A week after the tragedy in Tucson, the Left is beginning to realize it made a dreadful mistake immediately trying to tie the event to conservatives.
New York Times columnist Charles Blow summed it up marvelously Saturday:
Immediately after the news broke, the air became thick with conjecture, speculation and innuendo. There was a giddy, almost punch-drunk excitement on the left. The prophecy had been fulfilled: “words have consequences.” And now, the right’s rhetorical chickens had finally come home to roost. [...]
The only problem is that there was no evidence then, and even now, that overheated rhetoric from the right had anything to do with the shooting. (In fact, a couple of people who said they knew him have described him as either apolitical or “quite liberal.”) [...]

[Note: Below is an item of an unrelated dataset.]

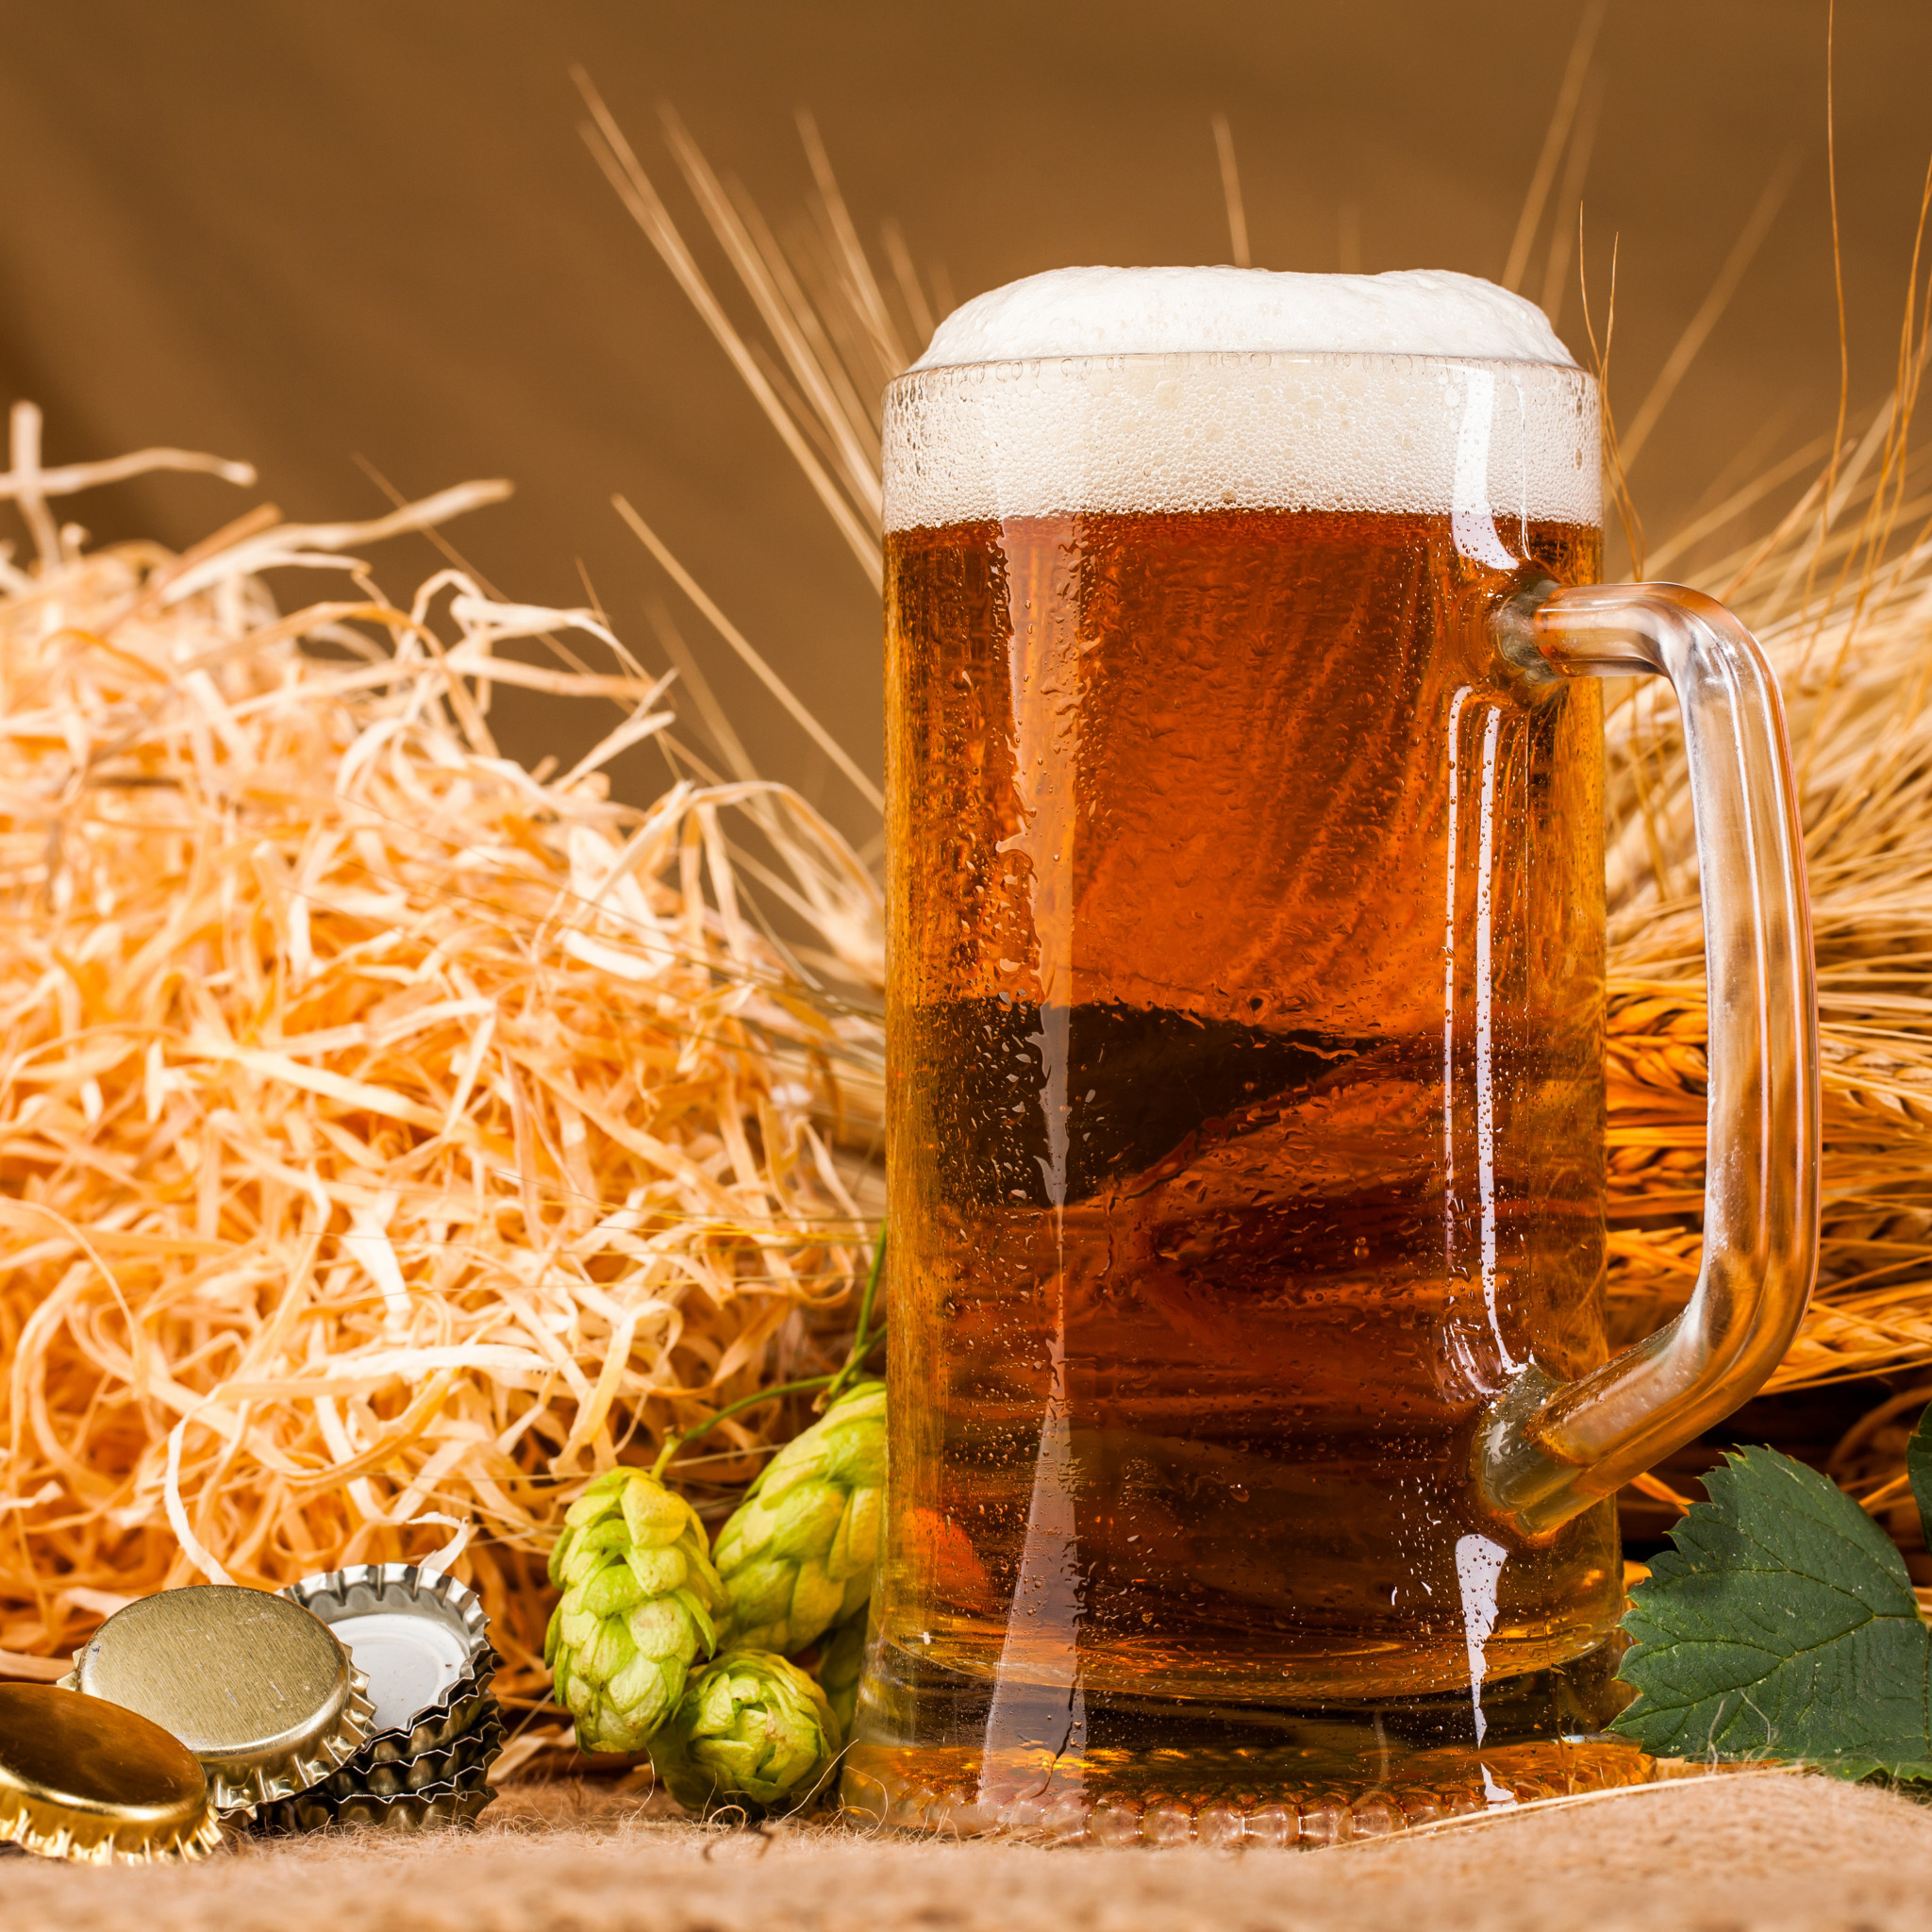 красиво оформленное пиво фото фототрансдукции

The American people know it, too. According to a USA Today/Gallup poll released Wednesday, 42 percent of those asked said that political rhetoric was not a factor at all in the shooting, 22 percent said that it was a minor factor and 20 percent said that it was a major factor. Furthermore, most agreed that focusing on conservative rhetoric as a link in the shooting was “not a legitimate point but mostly an attempt to use the tragedy to make conservatives look bad.” And nearly an equal number of people said that Republicans, the Tea Party and Democrats had all “gone too far in using inflammatory language” to criticize their opponents.
Great. So the left overreacts and overreaches and it only accomplishes two things: fostering sympathy for its opponents and nurturing a false equivalence within the body politic. Well done, Democrats.
Blow concluded:
Concocting connections to advance an argument actually weakens it. The argument for tonal moderation has been done a tremendous disservice by those who sought to score political points in the absence of proof.

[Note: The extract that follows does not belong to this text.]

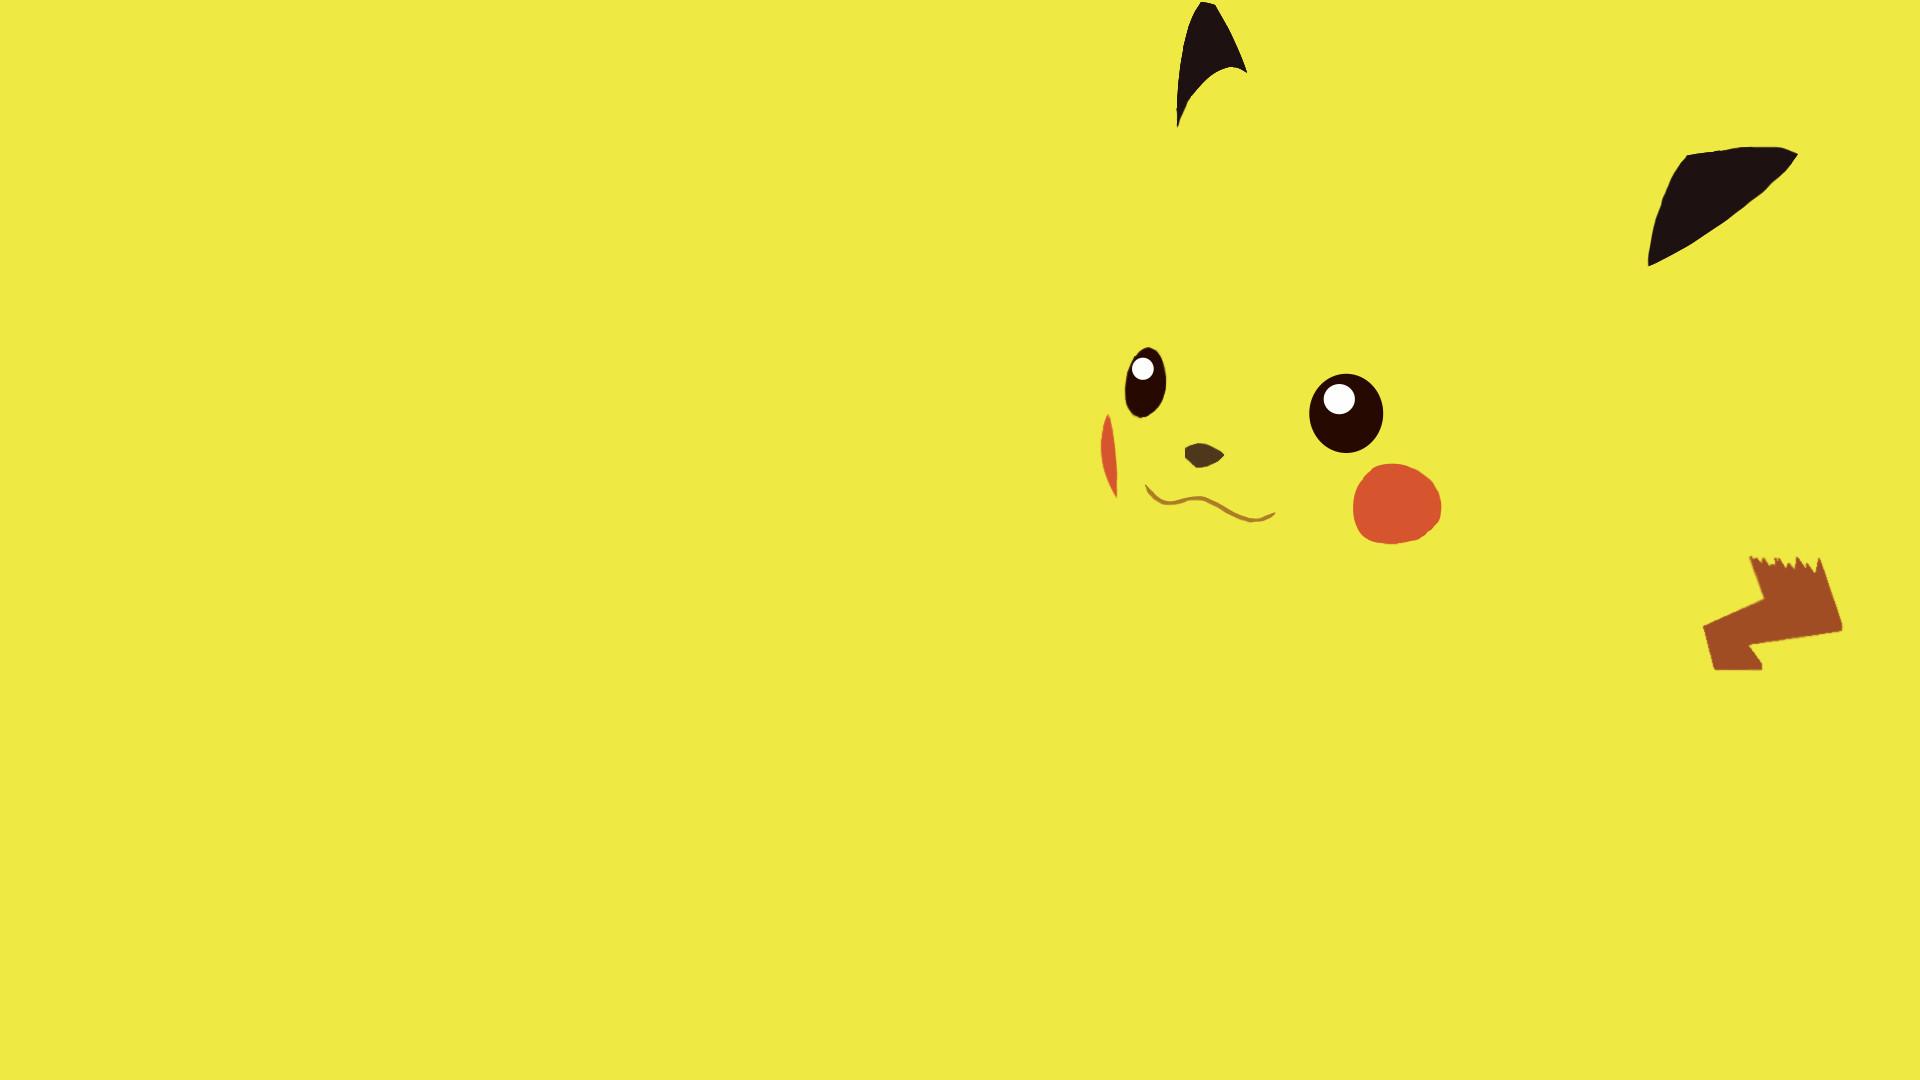 pikachu wallpaper https://ragzon.com/pokemon-xy-it-

You probably agree with Blow's assessment. However, would he be saying this if Jared Lee Loughner turned out to be a Tea Partying lover of Glenn Beck that had pictures of Sarah Palin on his wall?

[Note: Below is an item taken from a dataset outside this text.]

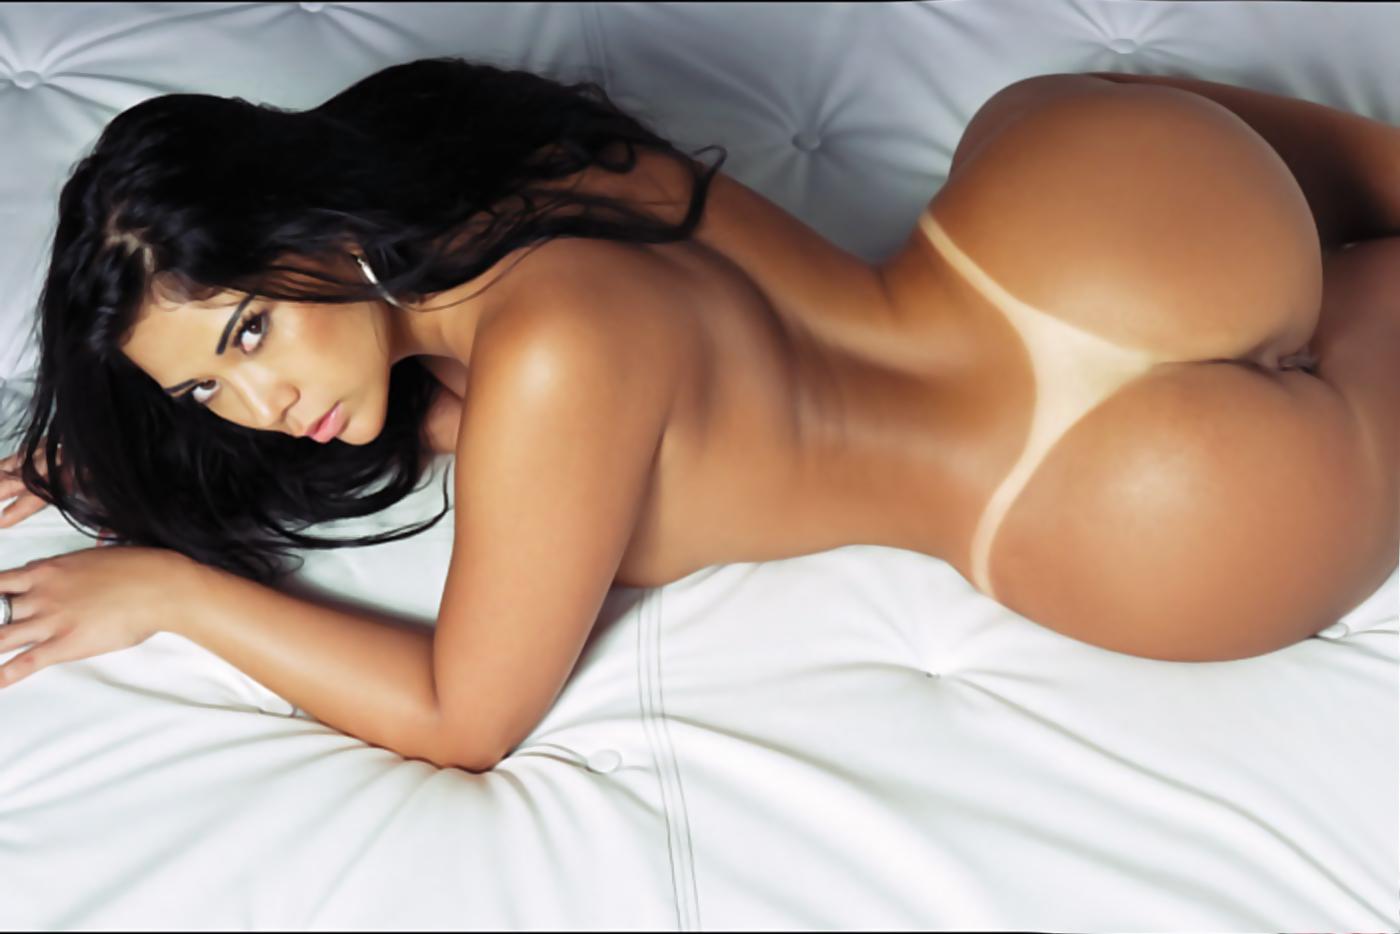 Секс бедра широкие фото большие 10 фотография

Isn't this self-flagellation occurring only because the Left was wrong?
How much different would Obama's speech have been Wednesday if Loughner was everything liberal media members were hoping for?
Don't be fooled: the press got their its hand caught in the proverbial cookie jar this week, and the feelings of regret and remorse are because they got caught and not because of their actions.
What this means is the next time an incident like this happens, they will likely be just as quick to shoot and ask questions later.
If this weren't the case, there'd be calls at the New York Times for apologies from Paul Krugman as well as the Gray Lady's editorial board which both shamefully participated in the premature finger-pointing.
There'd be similar requests made of MSNBC's entire prime time lineup.
As neither appear forthcoming, and were totally missing in Blow's piece, we can chalk this up to a tad of backpedaling that will be all forgotten when the next opportunity arises to blame something on conservative rhetoric.
If Las Vegas books placed odds on such an eventuality, it would be better than even money.